Yes, it's possible. In fact some schools and colleges and smaller businesses filter down older systems for small scale web or network server use within their network. It's not a question of "Can I ?" but more a question of "Should I ?" or "Do I really need/want to ?".


  [DELETED] 14:45 17 Nov 2003

Despite rumours to the contrary, a Linux server (like a Windows server) is a security nightmare unless it is locked down by someone who knows what they are doing.

A simple router/firewall setup using an old PC can be a useful way to reuse or extend the life of otherwise defunct hardware, but without the knowledge to correctly implement things you could find yourself and everything connected to the network wide open to those who know how to get in.

Anything connected to broadband for any reasonable length of time offers an increased risk as far as being a security target goes. I am not trying to open a debate on the likelihood of being hacked, but judging by some of my server logs its safe to say that the longer you have a router connected for networked broadband sharing the greater the probability of a port sniffer/scanner trying to pick its way into your setup.


  [DELETED] 14:51 17 Nov 2003

The Linux box, being so efficient by comparison to alternatives, can also act as a dedicated email server and all kinds of other pleasant things, as well as performing as your router/firewall.

Again though, you need the knowledge to implement it and it is not a project I'd suggest for anyone not already fully familar with installing, configuing and managing Linux.

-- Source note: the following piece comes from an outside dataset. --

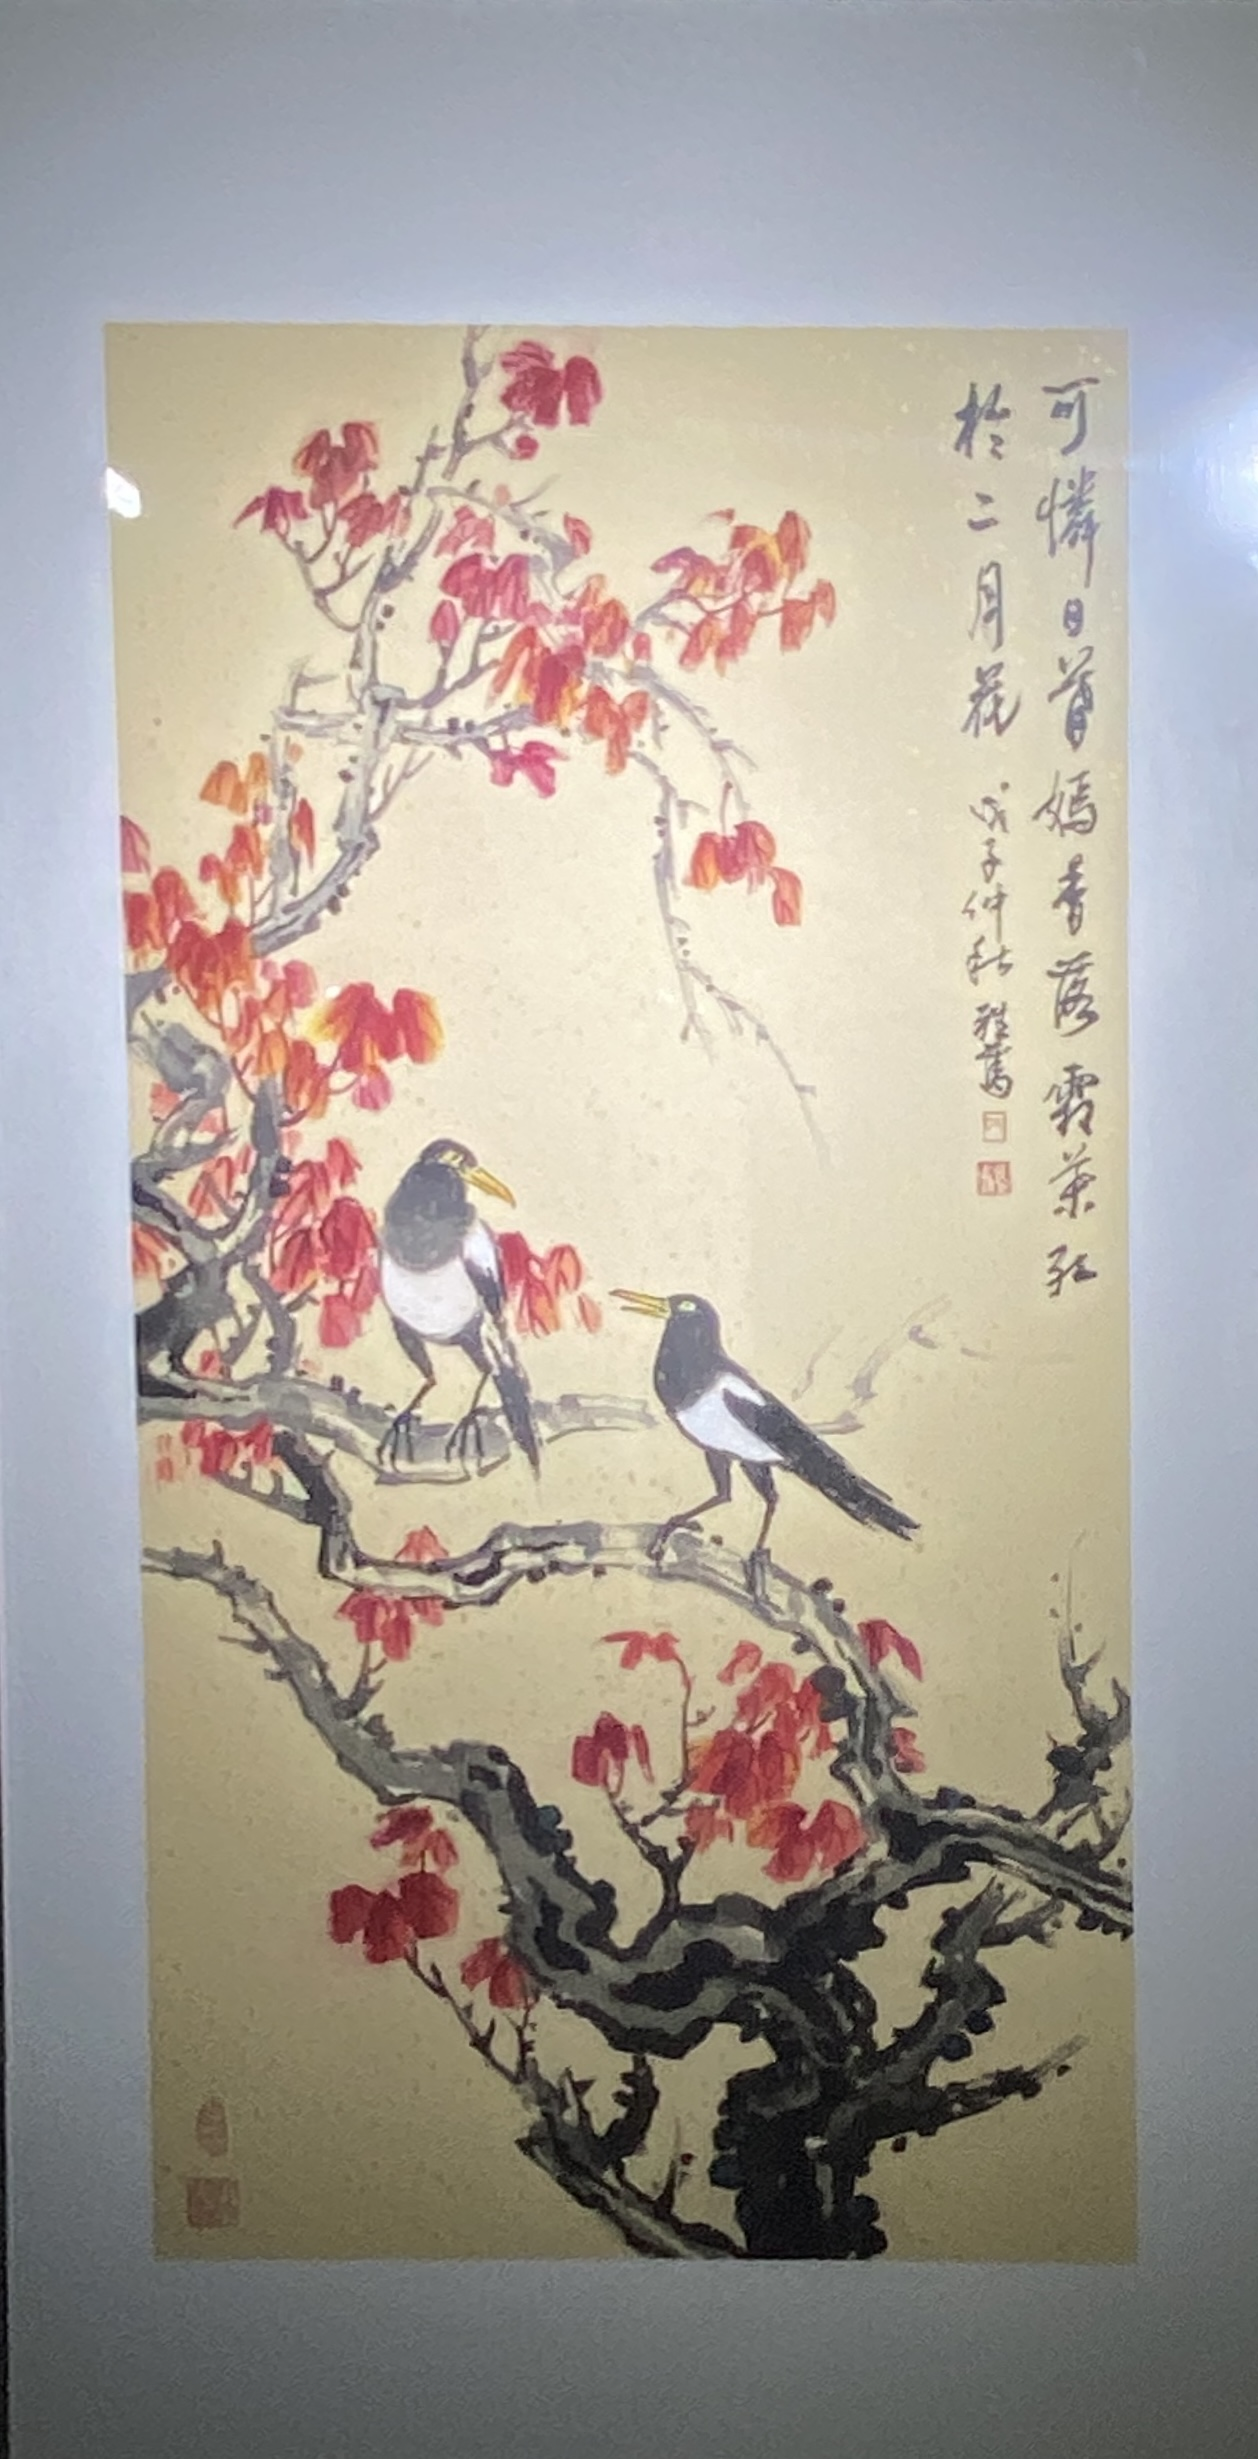 霜葉紅於二月花-2008-中国画-137×70-「丹青を振りかけ、詩情を送る-何継篤個人書画展」成都市美術館

Please don't think of this as a project for any network that requires reliable and secure broadband sharing until you've spent a lot of time and effort in your research and planning. Setting up a DHSP server and locking it down with a firewall and IP table logging is not the kind of thing you just go and do.

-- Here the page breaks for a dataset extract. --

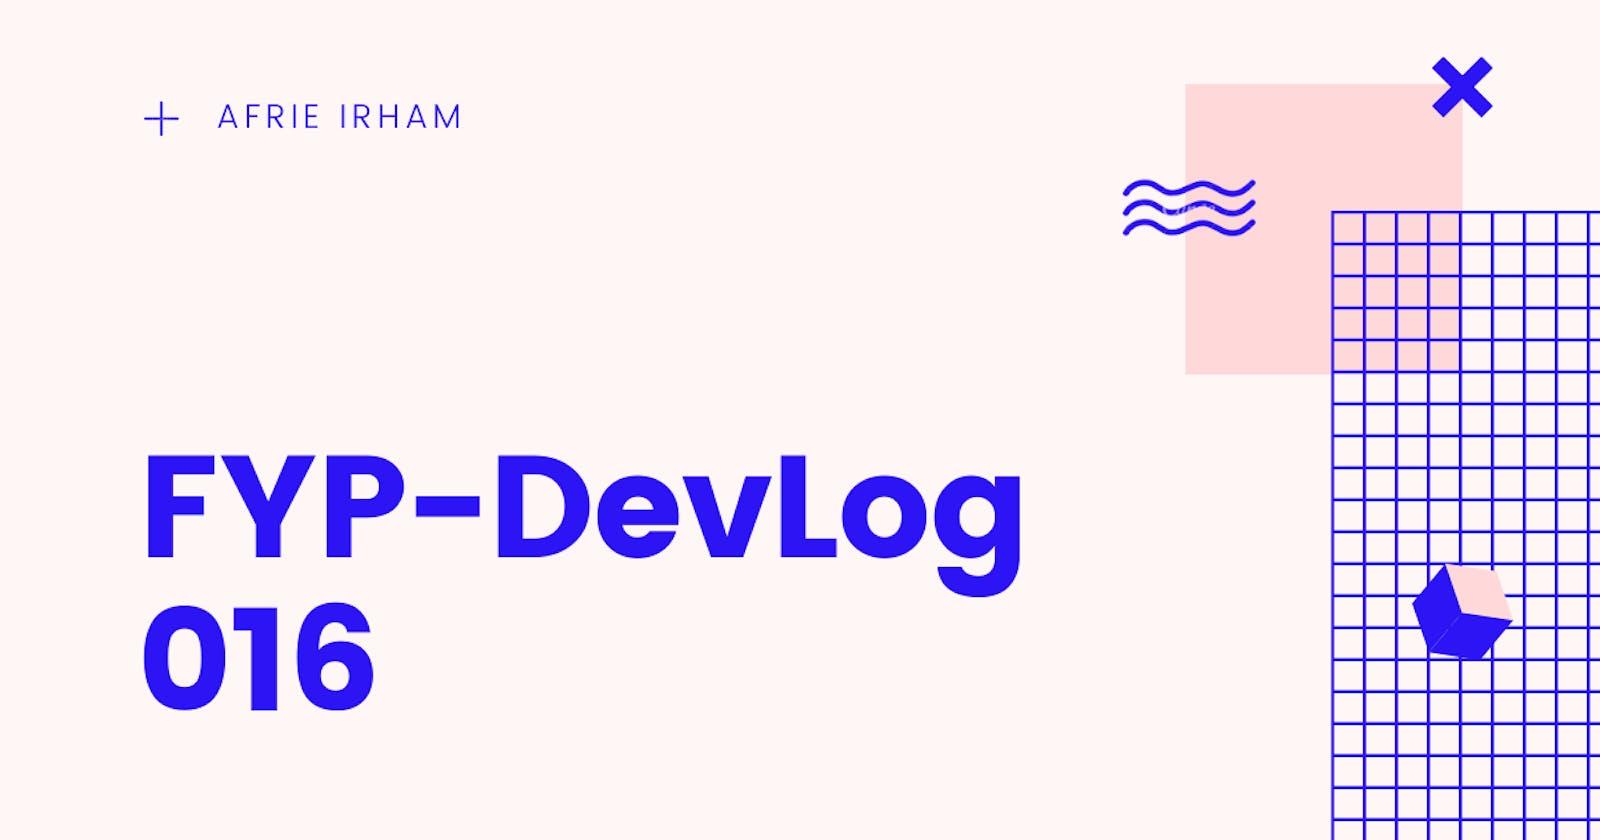 FYP-DevLog 016
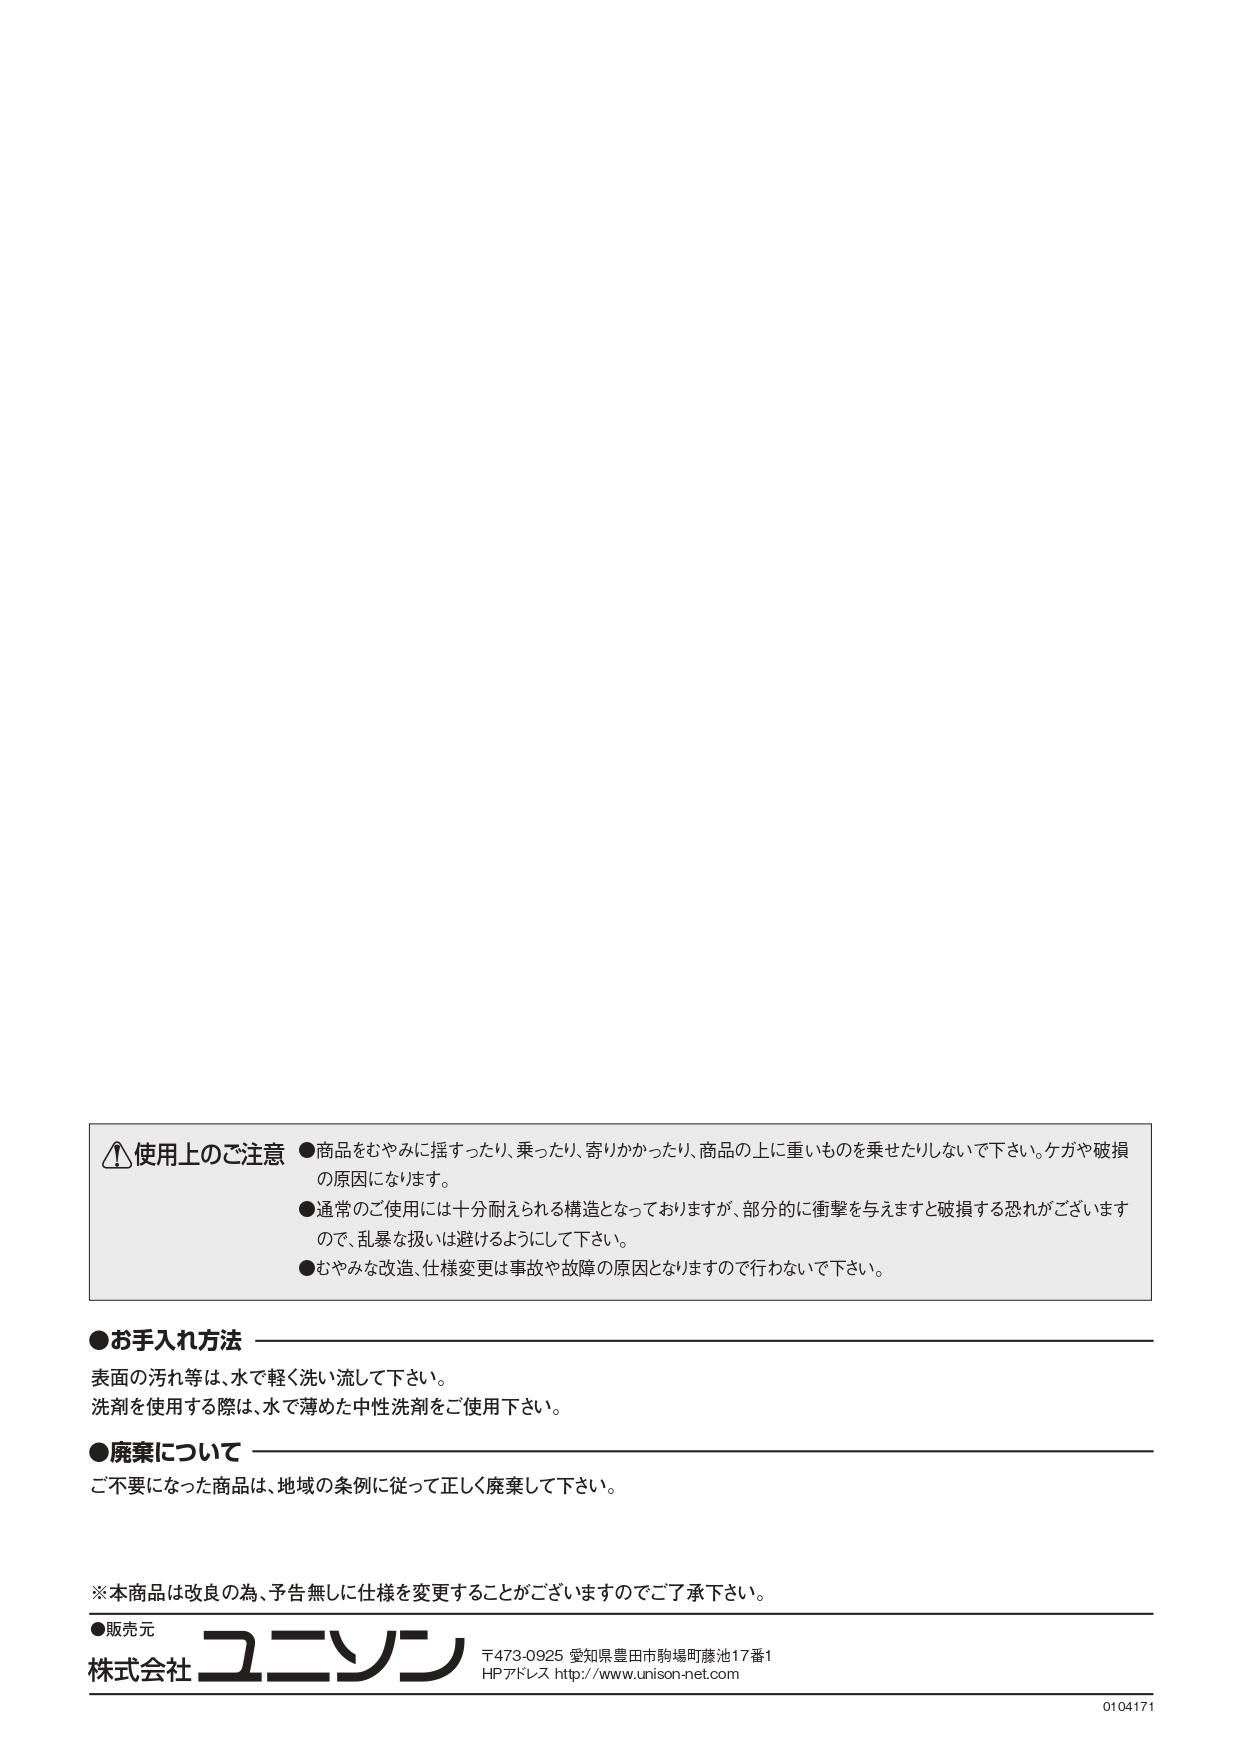 フォルガS 施工説明書_page-0004

Good luck with it whatever you decide.


  Belatucadrus 15:43 17 Nov 2003

Or you could take a look at NetBoz click here

  [DELETED] 16:12 17 Nov 2003

IS that a linux based firewall?

  [DELETED] 16:21 17 Nov 2003

This is an interesting thread. I too have a predicament but can't quite get my head around the best possible solution. It's that complicated I'm not sure if I could even put it into written word.

It does involve ADSL, Server/s and an annoying and resource consuming CCTV setup. May'be I should start a thread!!!!

  [DELETED] 17:47 17 Nov 2003

Unless you are on a large network there is no chance of getting hacked. Why not save all the hassle and get a free firewall? It would be a much simpler solution without the overkill.


  [DELETED] 07:43 18 Nov 2003

Sorry I Couldn't get back before with a reply (Work....Yuk).

Your Reply Taran is very good and makes a great deal of sense.

Yes I have 600k B/Band (cable) to my system.
I currently have 2 network cards in my Master Comp and 1 in the other, using a x/over cable for connection. I then use Analogx Proxy server to run the link.

My master comp sits behind a good firewall and "Shields Up" shows me as being invisible on the net.

In view of the possible complexety of maintaining and setting up a seperate system as u sugest, probably not worth the headache, and what I know about Linux would not fit on a matchhead with plenty of space.

Thank u everyone for ur valuable contributions and as is sugested, will give the matter further thought.